Nonetheless, I’ve written two pieces — one about Mainichi and one about Actual Sunlight — that argue for a new type of RPG: the “unsentimental RPG.” Notice that this term differs from terms like “action RPG” or “strategy RPG,” which emphasize mechanical differences in combat and linkages to broad genres. My goal with the “unsentimental RPG” term is to challenge the idea that an RPG, by definition, must lean on our sentimental understandings — our individual and community props. I see value in this argument: games like Mainichi and Actual Sunlight can inject new sociological meaning into “role playing.”

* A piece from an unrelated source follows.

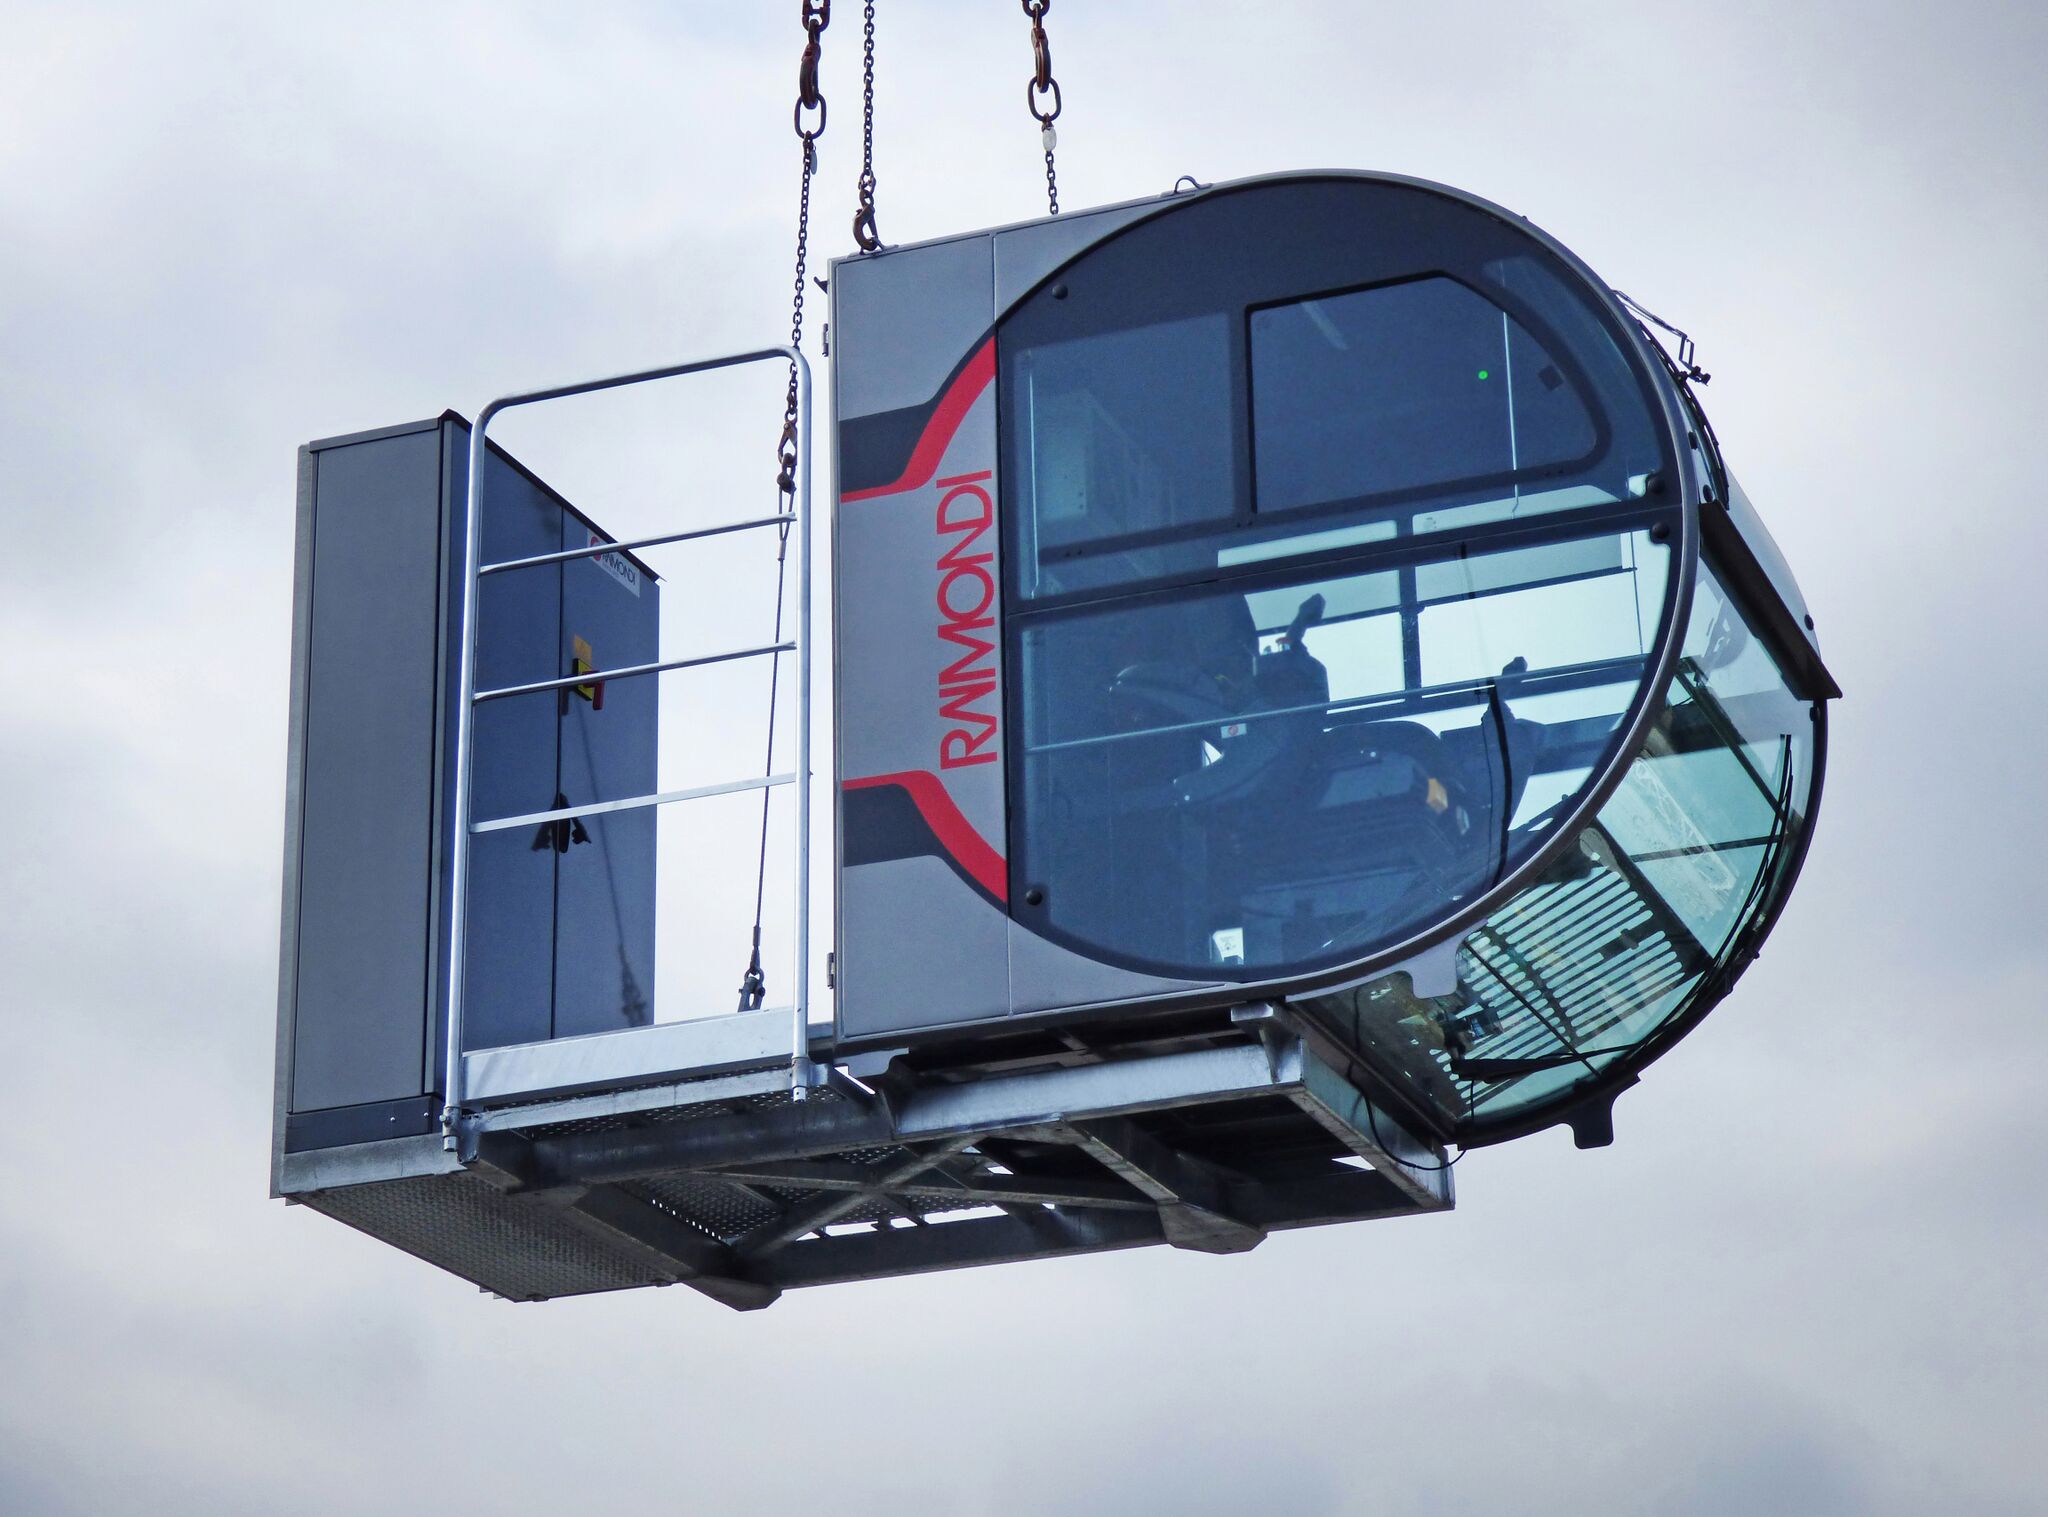 At the Deluxe R16 crane cabin more than 80 percent of the total cabin surface is glass.

I think an easy way to understand the potential sociological value of “role playing” is to look at the example of John Howard Griffin, who wrote the groundbreaking Black Like Me. Griffin, a white journalist, artificially changed the pigmentation of his skin to pass as black, with the idea to see how his place in society would change. People, even those who knew him, treated Griffin differently when he looked like a black man. Black Like Me explored uncomfortable social realities, and Griffin didn’t merely undergo stress during his experience — the threats his family received after the book’s publication drove him to Mexico for safety. By daring to role-play (or role-take?) in real life, Griffin revealed and dealt with the consequences of social power.

A game like Mainichi or Actual Sunlight allows us to see social reality from another perspective without the danger of Griffin’s real-world journalism. But these games aren’t simply stories about differential power in the real world; they comment on the power structure of RPGs and how we define RPGs — a power structure that, if not oppressive, is limiting in its sentimentality.

Perhaps I am wrong to call Mainichi and Actual Sunlight RPGs. Perhaps they deserve a different term, but I am convinced they must be called something in regard to “roles,” because they’re precisely about the roles we play in defining reality, even on that less important scale of defining RPG video games. I also believe calling these games “interactive fiction” is a joke. “Interactive fiction” is already muddy enough when it comes to text-based games, so the term doesn’t clearly describe an avatar-based game that resembles Final Fantasy during a series of stop-and-chats in a town.

In an interview with First Person Scholar, you mention the importance of nurturing “pioneering spirits” in video games. This raises an important question: how does one trumpet “pioneering spirits” in RPGs without sounding like one is playing alone?

Sincerely,

Jed Pressgrove

7 comments

  1. As a person whose views were crafted by both pen & paper RPGs and video games I thought I’d share my ‘criteria’ for what makes an RPG.

    An RPG provides agency for the player character. His decisions and actions, or inaction, change the plot and have repercussions that ripple through the narrative. There are classless, level-less, equipment-less RPGs so I find those unreliable for determining whether something is or is not an RPG.

    Unfortunately given the constraints of scripting for a video game, having a real RPG can create a big mess in variant stories and endings. Strangely it means sports simulation video games (especially those that allow you to play a single player’s career) end up being more RPG than most games labelled RPG. I realized after completing Ni No Kuni, fun though it is, never provided me agency to make a decision that would alter the narrative. I was merely progressing and already determined sequence of events. It can be fun to be a cog, driving the machine forward, but I don’t determine the machine’s output.

    But in a sports simulation game.. If my wide receiver doesn’t catch a pass, maybe we lose the game, maybe we don’t clinch the division, maybe we don’t make the playoffs, maybe my character loses his starting spot, maybe he gets traded or let go by the team. My decision, action, and success/failure can directly affect the game’s narrative for my character.

    Food for thought anyway.

    1. I find your comparison of Ni No Kuni and sports simulations very interesting. The way you say that the latter is “more RPG” than the former perhaps suggests that there is a continuum, rather than a binary, involved with defining RPGs. A continuum perspective definitely helps me think of RPGs in a broader context.

      Thanks for sharing your thoughts!